## What is required
Every line below is to be given again precisely; images are to be left out.

-------- Information provided

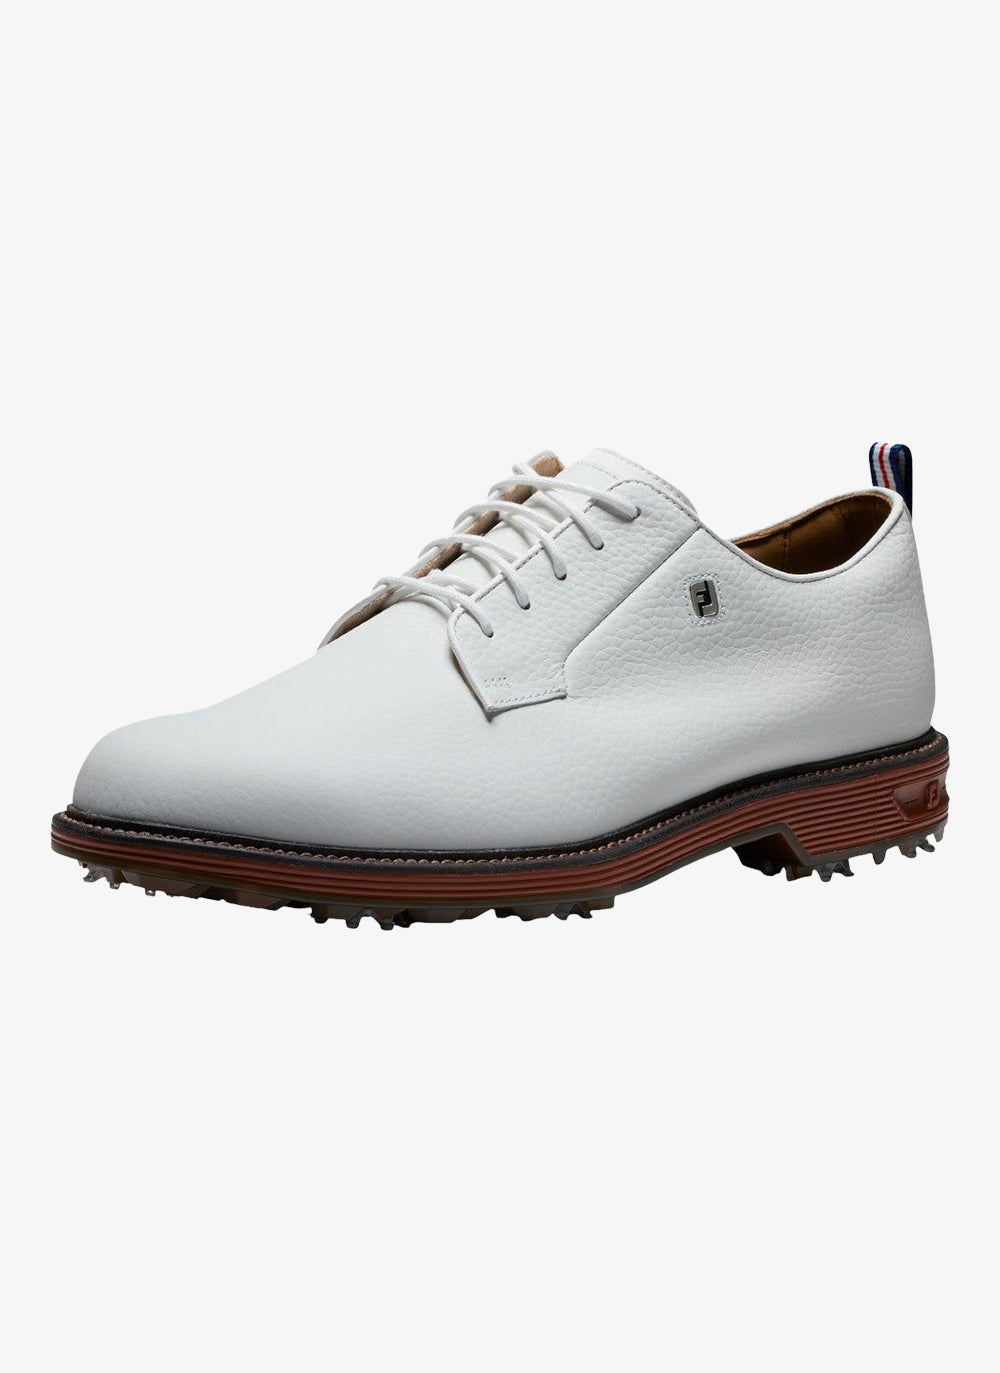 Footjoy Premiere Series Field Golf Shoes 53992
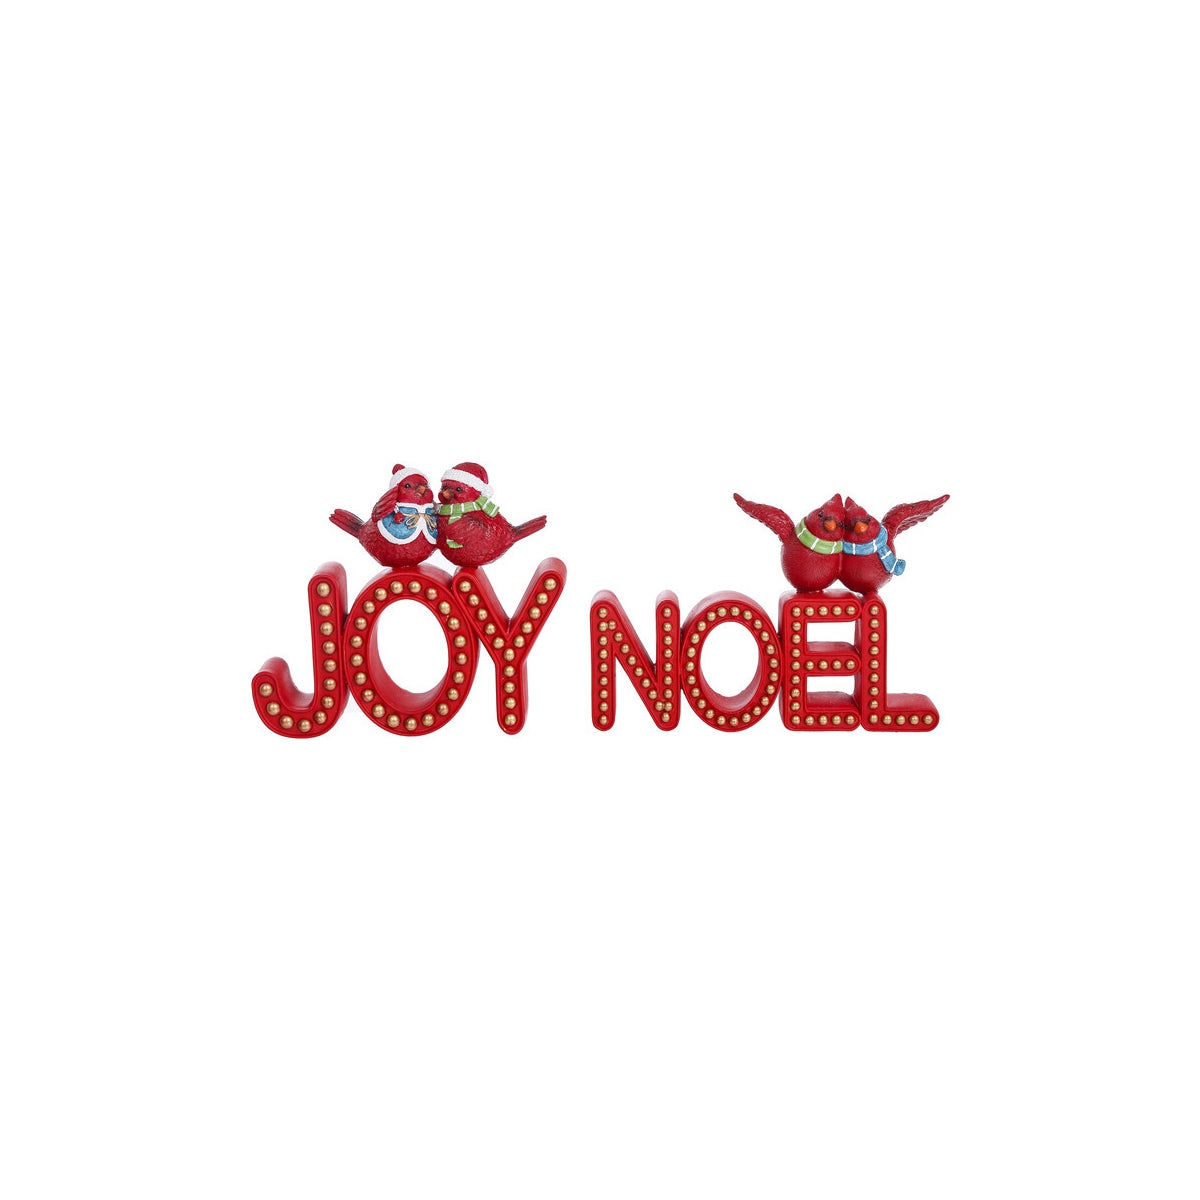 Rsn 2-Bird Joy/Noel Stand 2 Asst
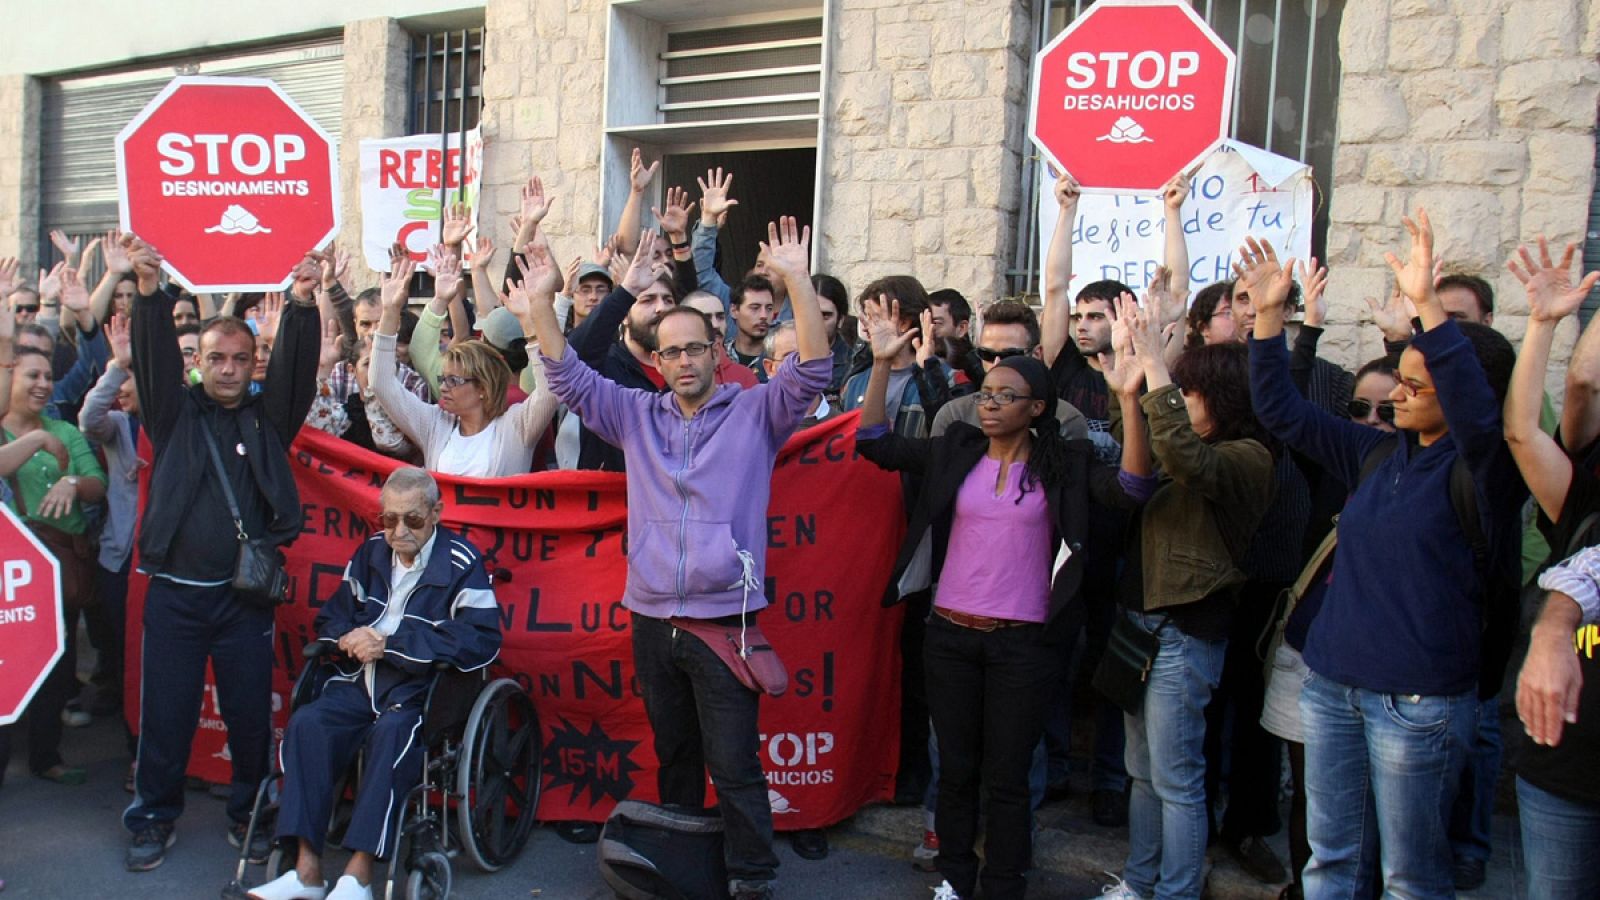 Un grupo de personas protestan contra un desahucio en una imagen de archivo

----------------

## Solution for this problem
 Footjoy Premiere Series Field Golf Shoes 53992
 Rsn 2-Bird Joy/Noel Stand 2 Asst
 Un grupo de personas protestan contra un desahucio en una imagen de archivo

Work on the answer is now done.